Source material -
↓

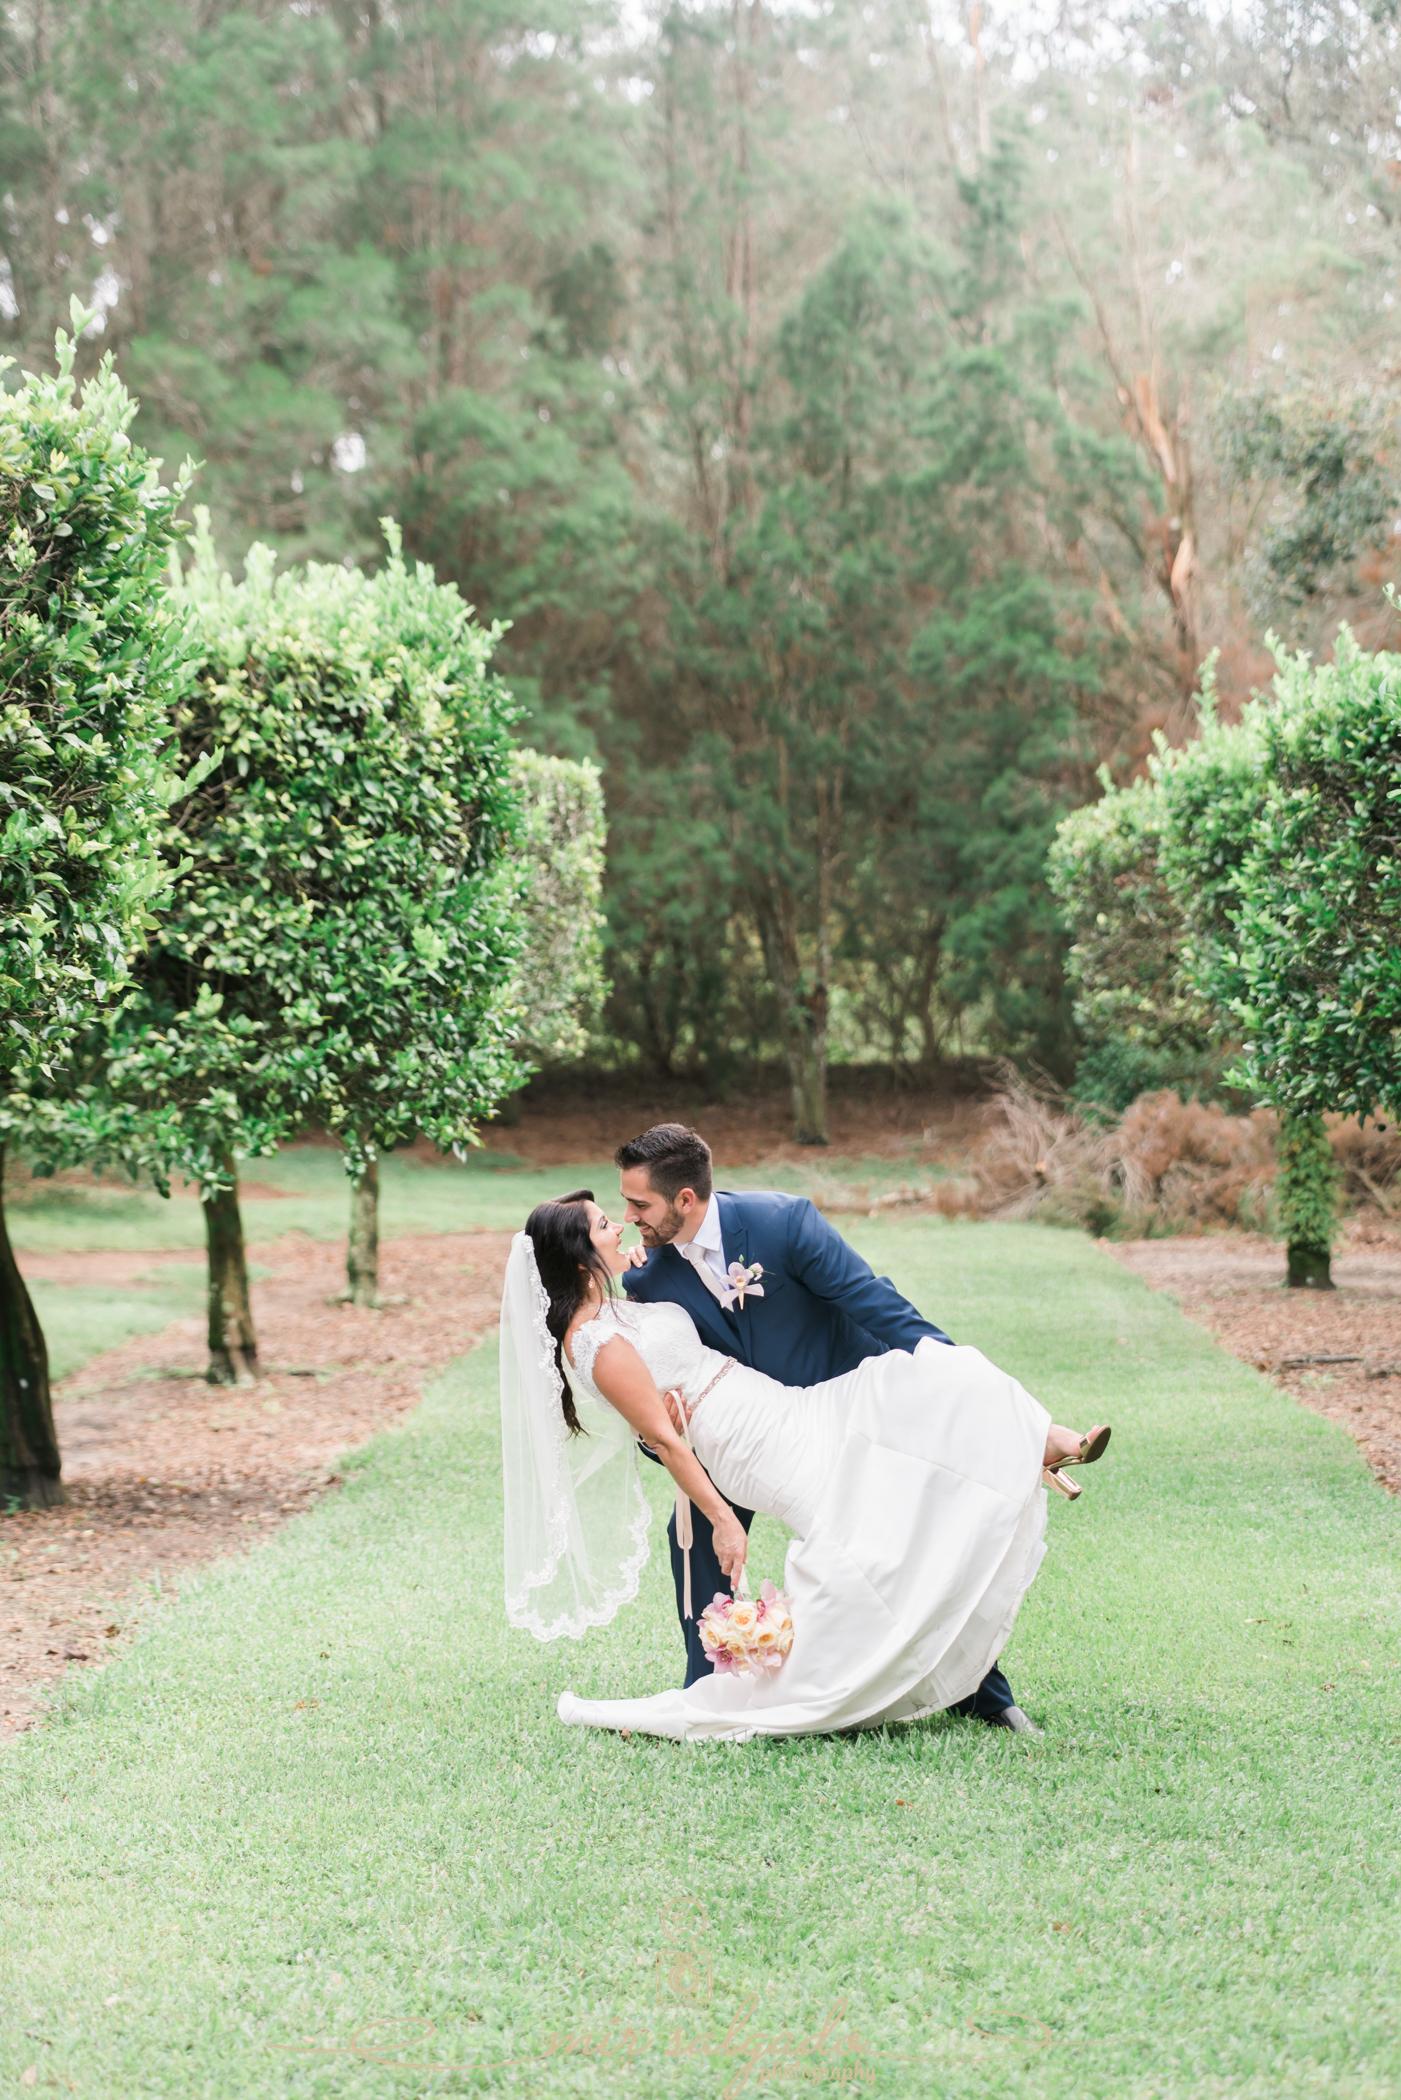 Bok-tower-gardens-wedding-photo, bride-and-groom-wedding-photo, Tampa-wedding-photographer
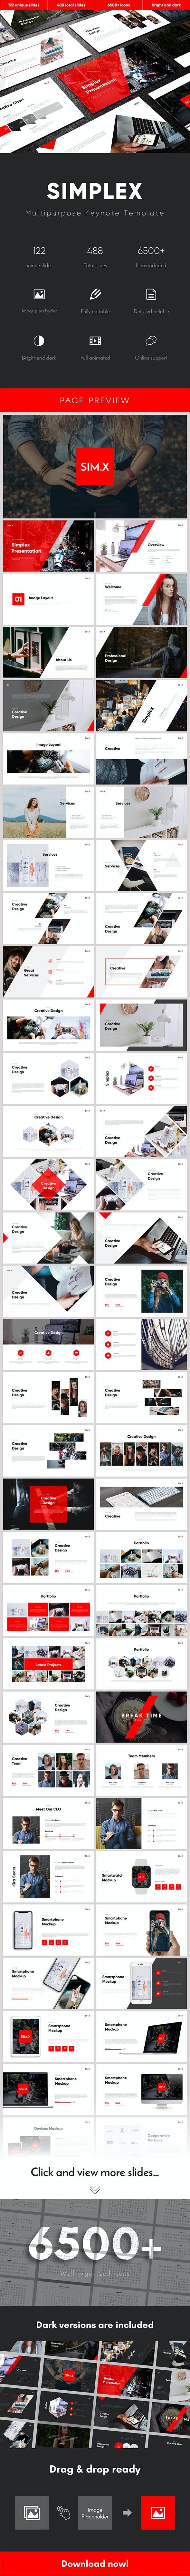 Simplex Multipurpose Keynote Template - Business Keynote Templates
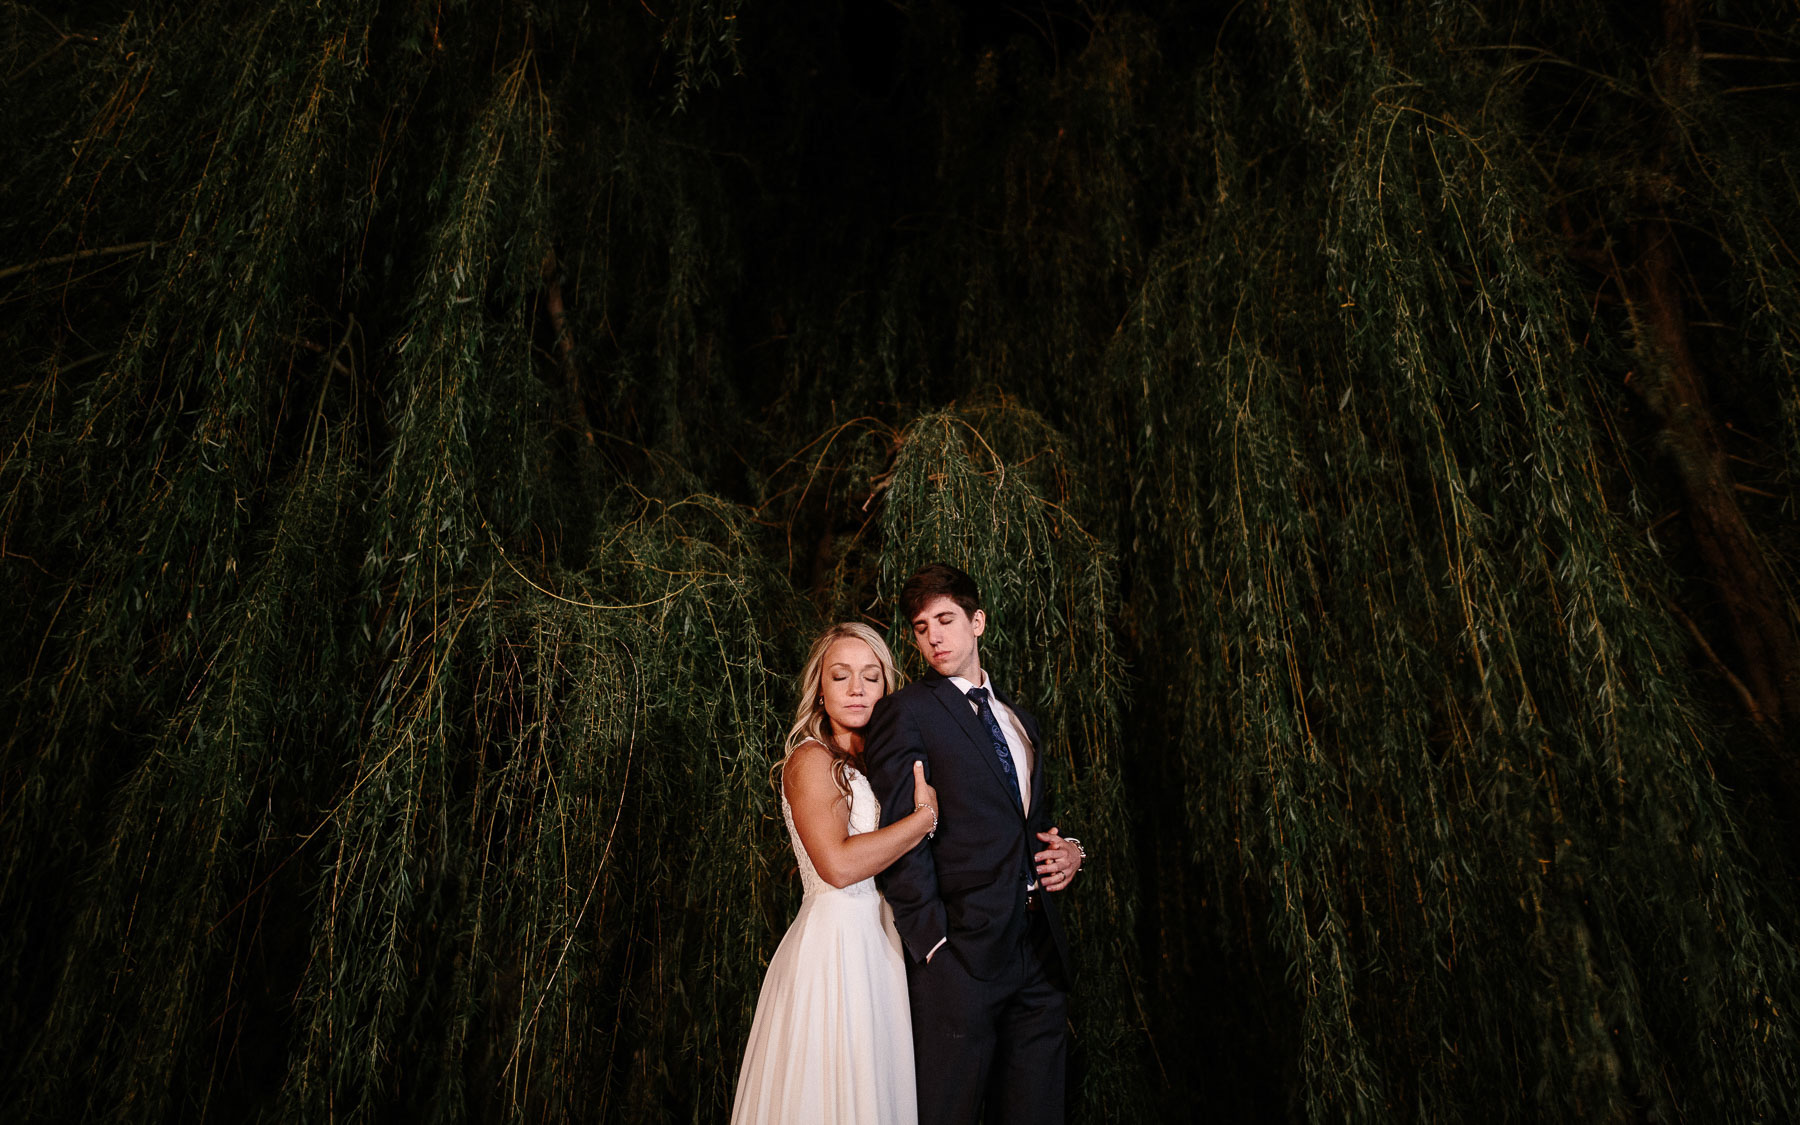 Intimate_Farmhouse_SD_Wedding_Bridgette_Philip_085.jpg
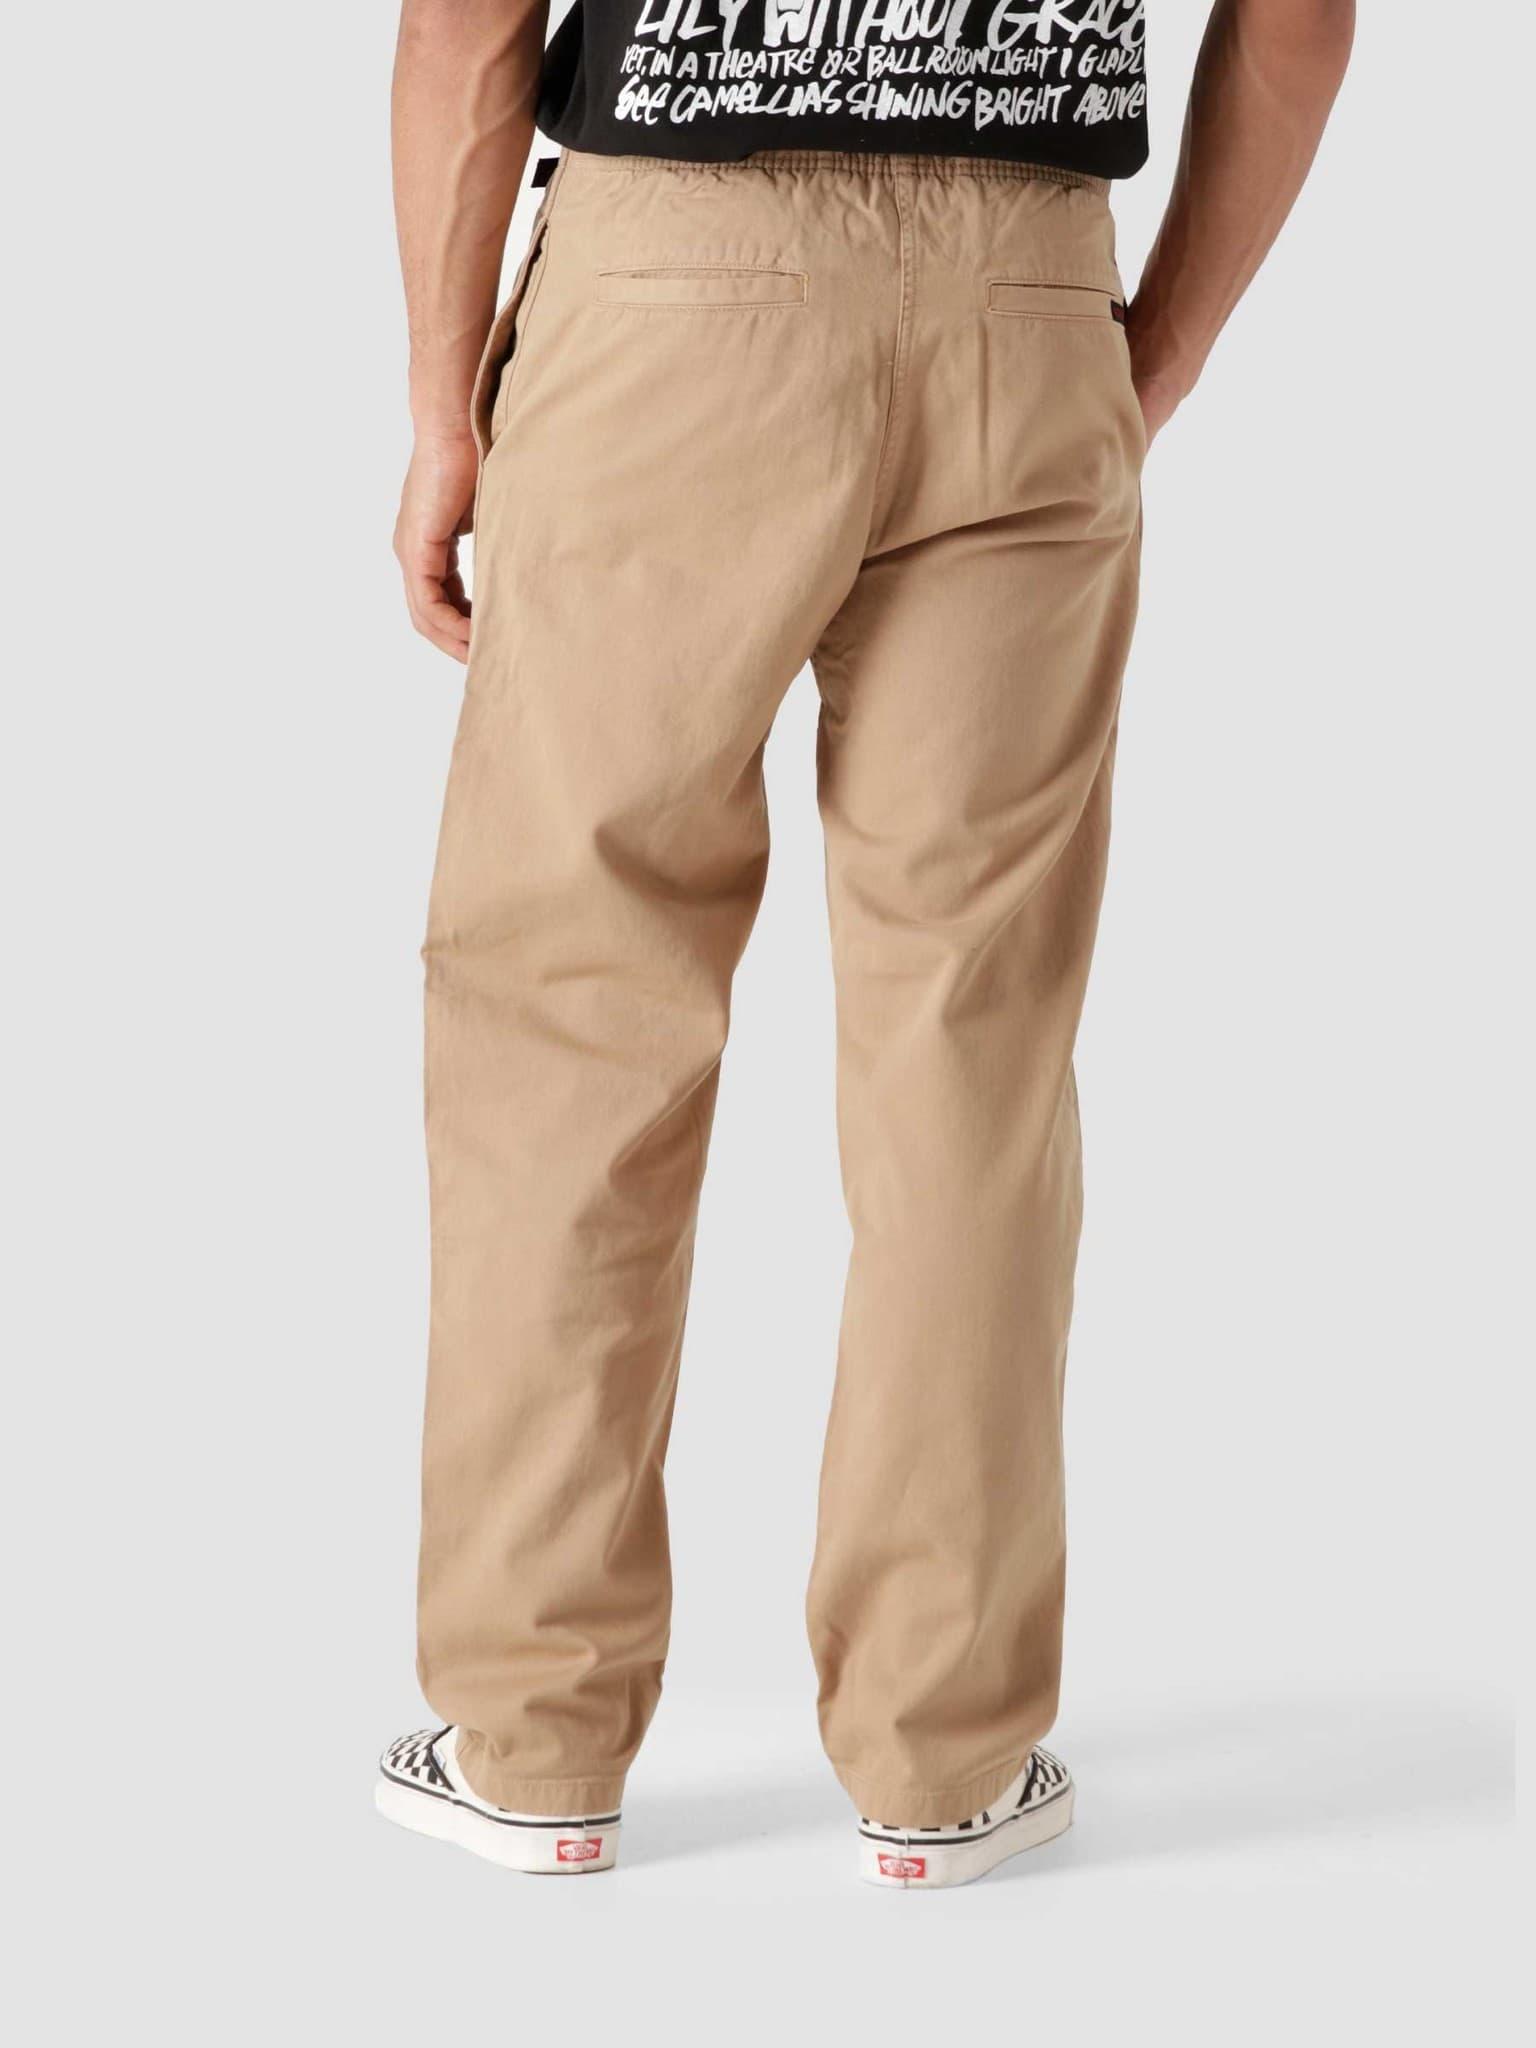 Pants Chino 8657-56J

↑

Problem details -
Without including any picture, repeat the data exactly.

Written reply -
 Bok-tower-gardens-wedding-photo, bride-and-groom-wedding-photo, Tampa-wedding-photographer
 Simplex Multipurpose Keynote Template - Business Keynote Templates
 Intimate_Farmhouse_SD_Wedding_Bridgette_Philip_085.jpg
 Pants Chino 8657-56J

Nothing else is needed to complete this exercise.